A year after Hawaii’s Kīlauea eruptions, a nearby geothermal plant eyes restart
Last May, Hawaii’s Kīlauea volcano erupted suddenly, starting a weeks-long lava creep that destroyed dozens of homes and required thousands of residents to be evacuated. Among the structural casualties, the lava also threatened an important source of electricity on the Island of Hawaii: the Puna Geothermal Complex.
Now, the company behind Puna is projecting that the complex may be restarted by the end of this year, following a potential renegotiation of its contract with Hawaii Electric Light Company.
Geothermal plants like Puna create electricity by using the natural heat of underground rocks to heat a working fluid that produces steam to drive a turbine. Puna provided 25 percent of the electricity that served Hawaii (just the Big Island, not the whole Aloha State). So it was an important low-carbon energy source on an island that has historically imported oil to meet its primary energy needs. Although the Big Island has been aggressively incorporating solar power and energy storage onto its grid, petroleum still plays a prominent role in serving the island, which not only creates carbon emissions but also drives the price of electricity up for residents because the oil must be imported.
Back in May 2018, Ormat Technologies, the majority owner and operator of the Puna Geothermal plant, decided to shut down the plant to prevent any electrical fires as the lava crept closer day after day. Ormat also “quenched” some of the hot geothermal wells it operated at Puna amid speculation that damage to the wells could result in releases of hydrogen sulfide gas, which is toxic to humans.
Ultimately, however, the fallout was not so dramatic: a natural berm held back the lava for days, and the flowing hot rock only destroyed a substation on Puna’s 815-acre property, as well as a warehouse containing a spare drill. Lava covered two wellheads, but the rest were left untouched.
The rebuild
According to a March letter (PDF) from the Hawaii Public Utilities Commission, Hawaii Electric Light and Puna have entered into a rebuild agreement to replace the damaged substation and two major transmission lines. Due to lava damage, the transmission lines will have to deviate a bit from where the previous transmission lines stood.
Prior to the Kīlauea eruption, Hawaii Electric Light and Puna were in the middle of negotiations to revisit the geothermal plant’s power purchase agreement. According to West Hawaii Today, that power purchase agreement stipulated that Puna’s owners would be paid for their first 25 megawatts (MW) during peak-demand electricity according to the price of oil. Now, the geothermal plant, which is capable of delivering 38MW at a time, wants to delink the price it receives for power from the price of oil.

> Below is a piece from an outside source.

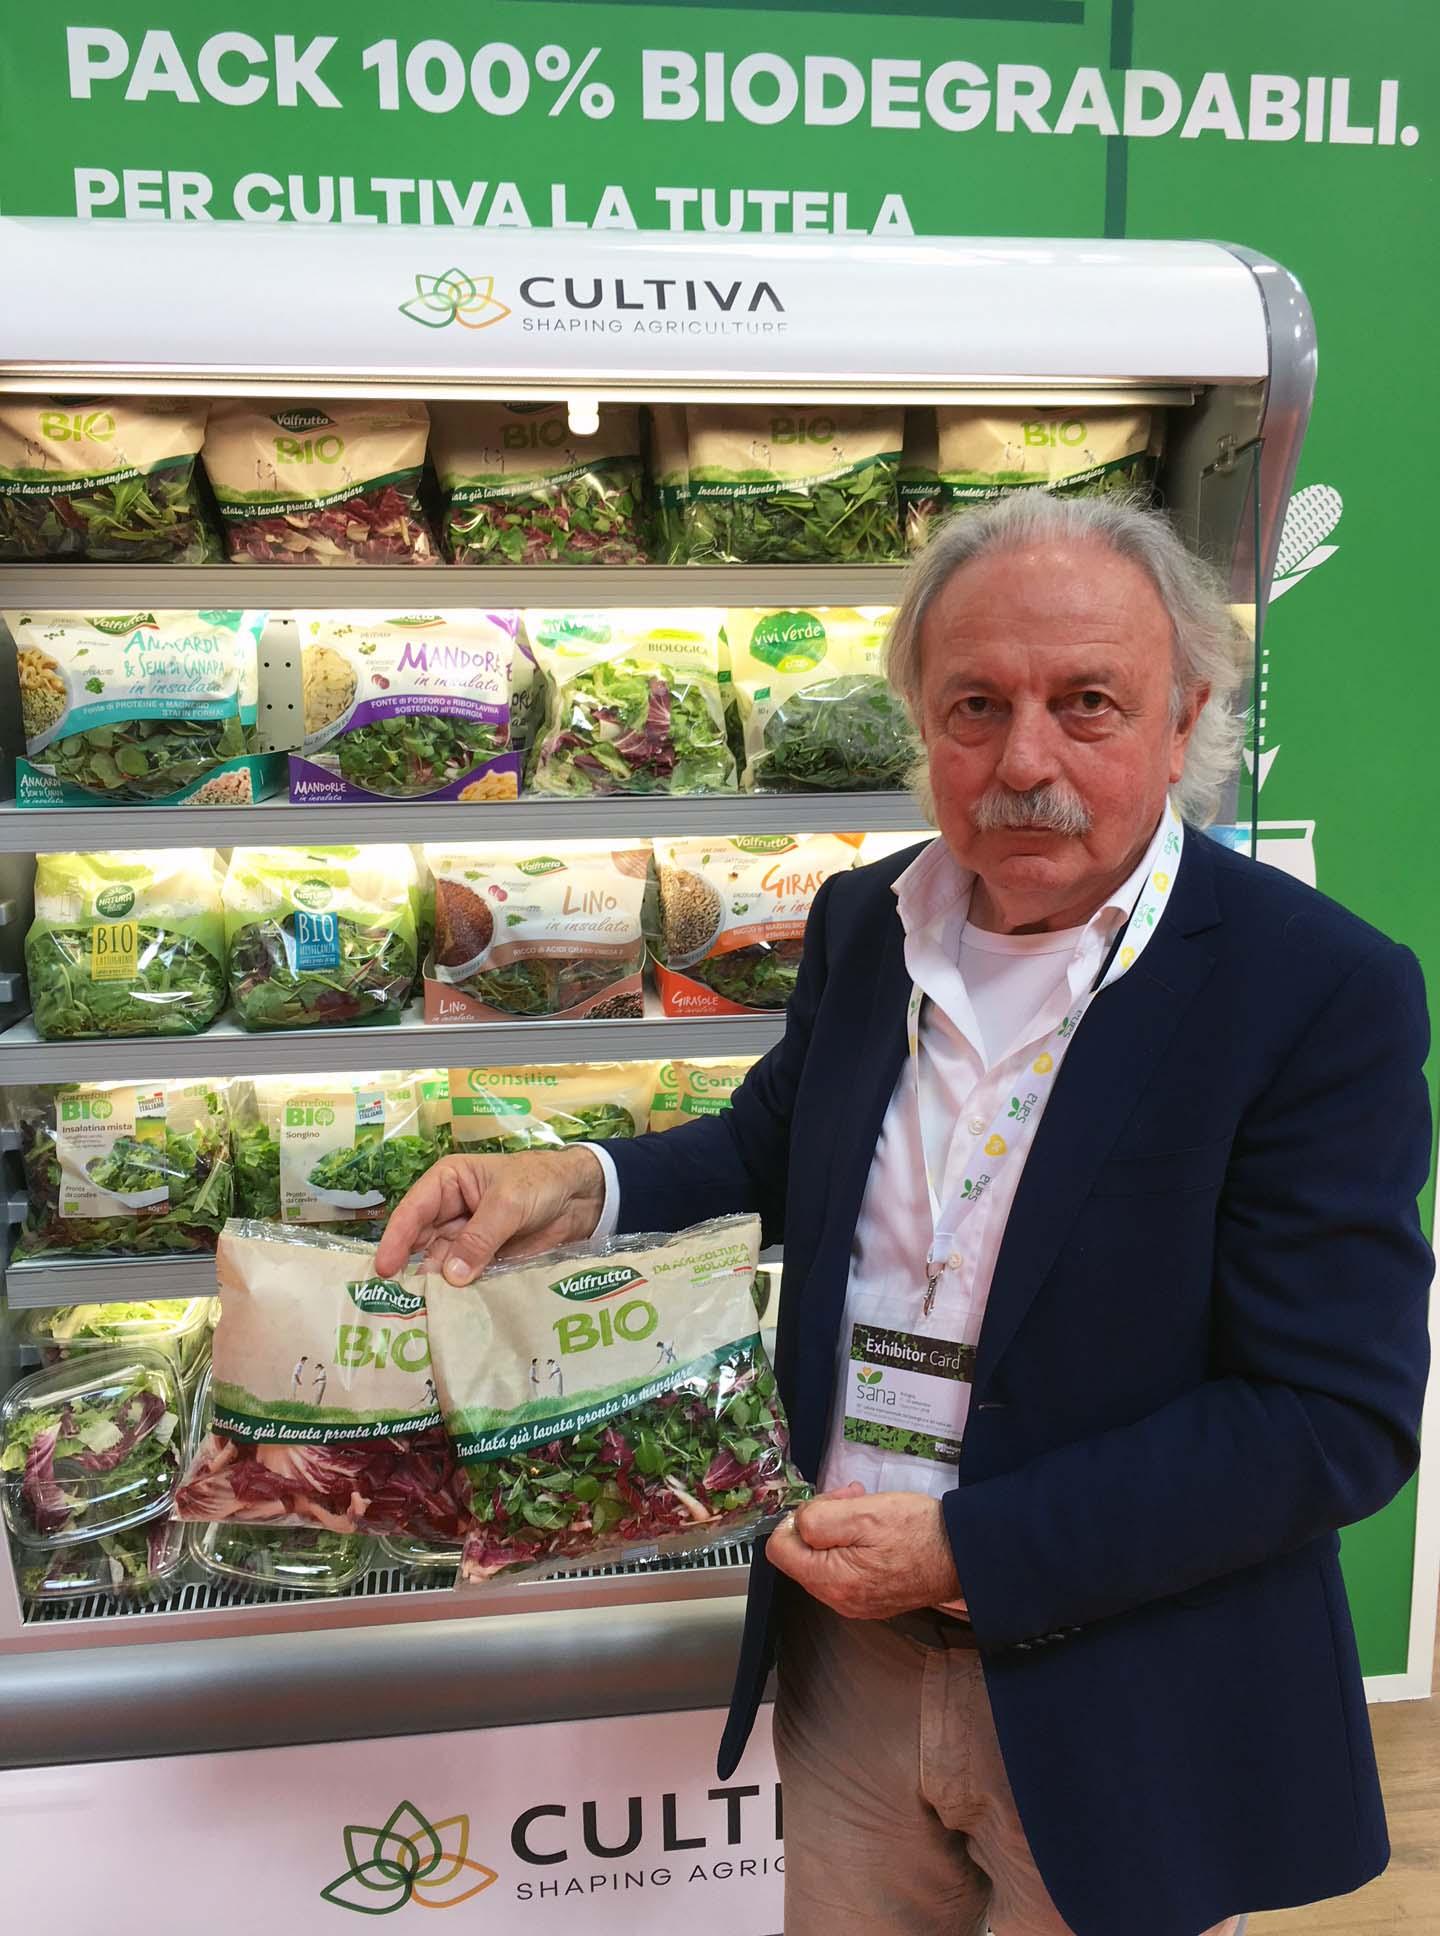 Giancarlo-Boscolo-Cultiva-Fm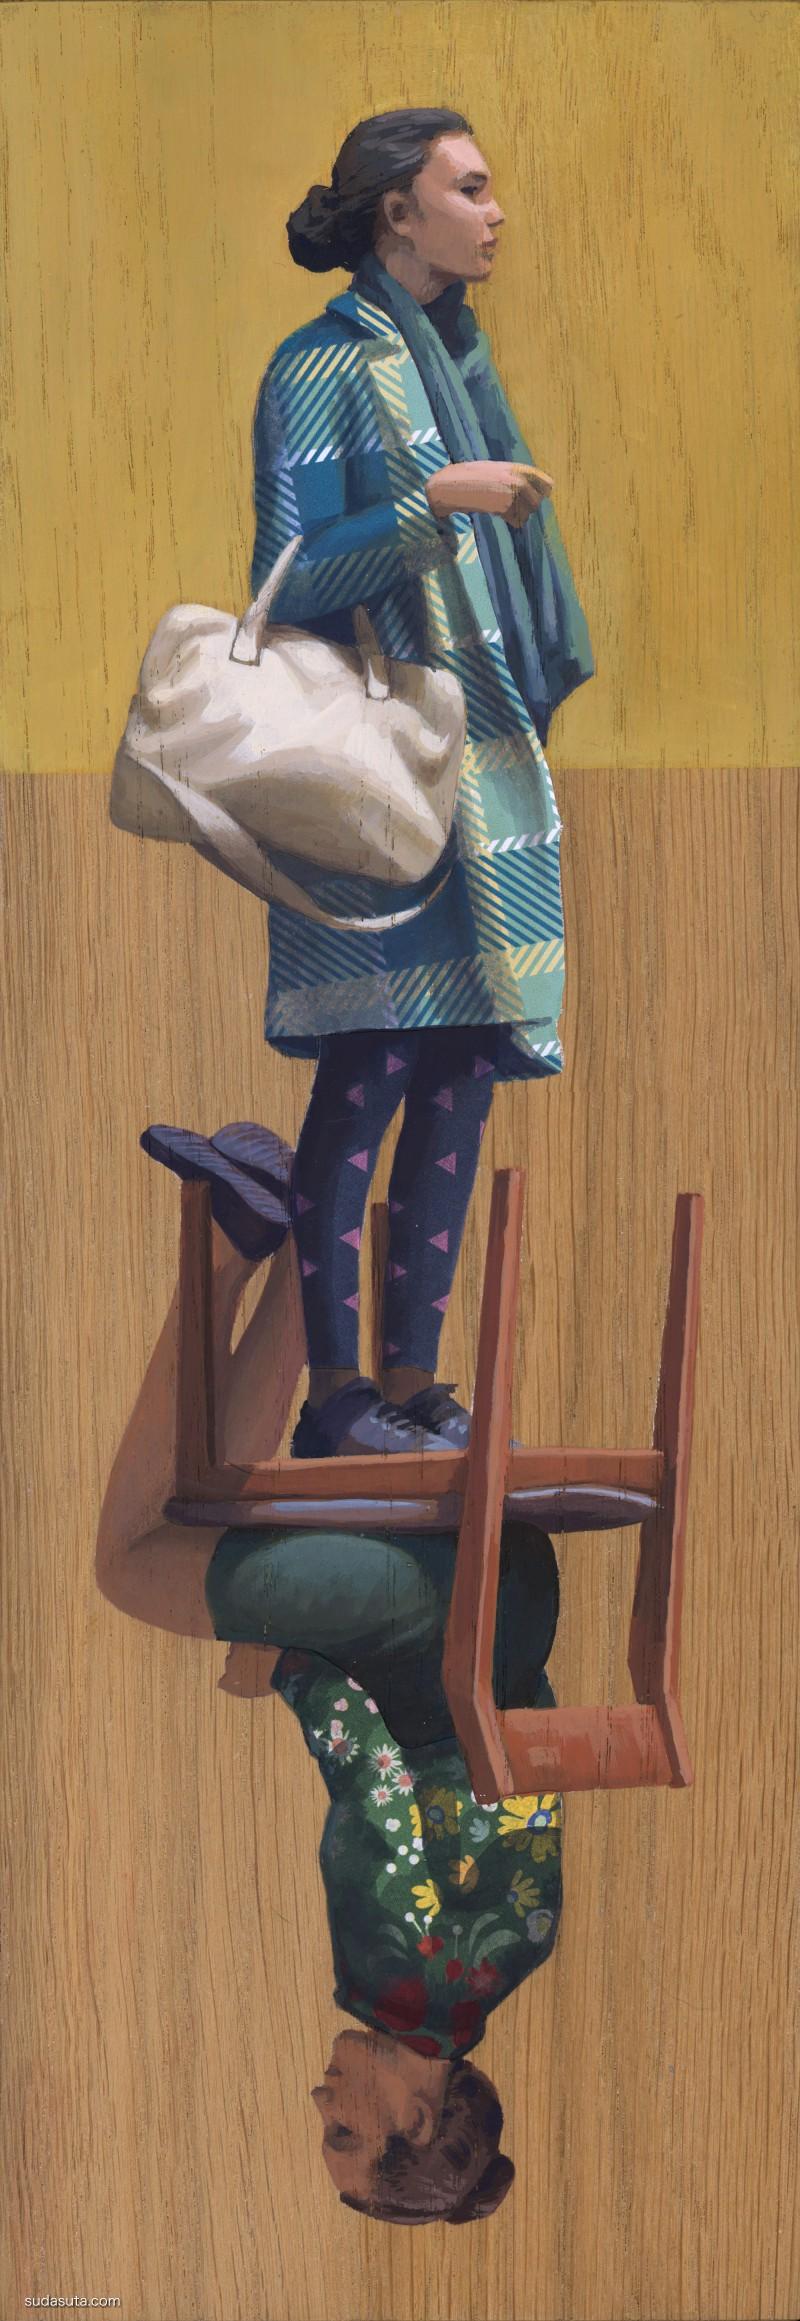 Cinta Vidal 椅子的两面

Mike Kaleikini, a senior director of Hawaii affairs for Ormat, told West Hawaii Today that “PGV is interested in delinking the cost of power from oil to provide more certainty about its revenue.” Kaleikini also told the paper that the company is still assessing its wells at Puna. The company may have to permanently close some and drill new wells if old ones have been damaged in unexpected ways.
But according to Ormat’s 2018 year-end financial statement, the eruption may have even improved the long-term outlook for some of the geothermal wells at Puna. “Initial tests from the geothermal injection wells indicate higher temperatures at the reservoir with no sign of any negative impact on pressure,” Isaac Angel, Ormat’s CEO, said in February.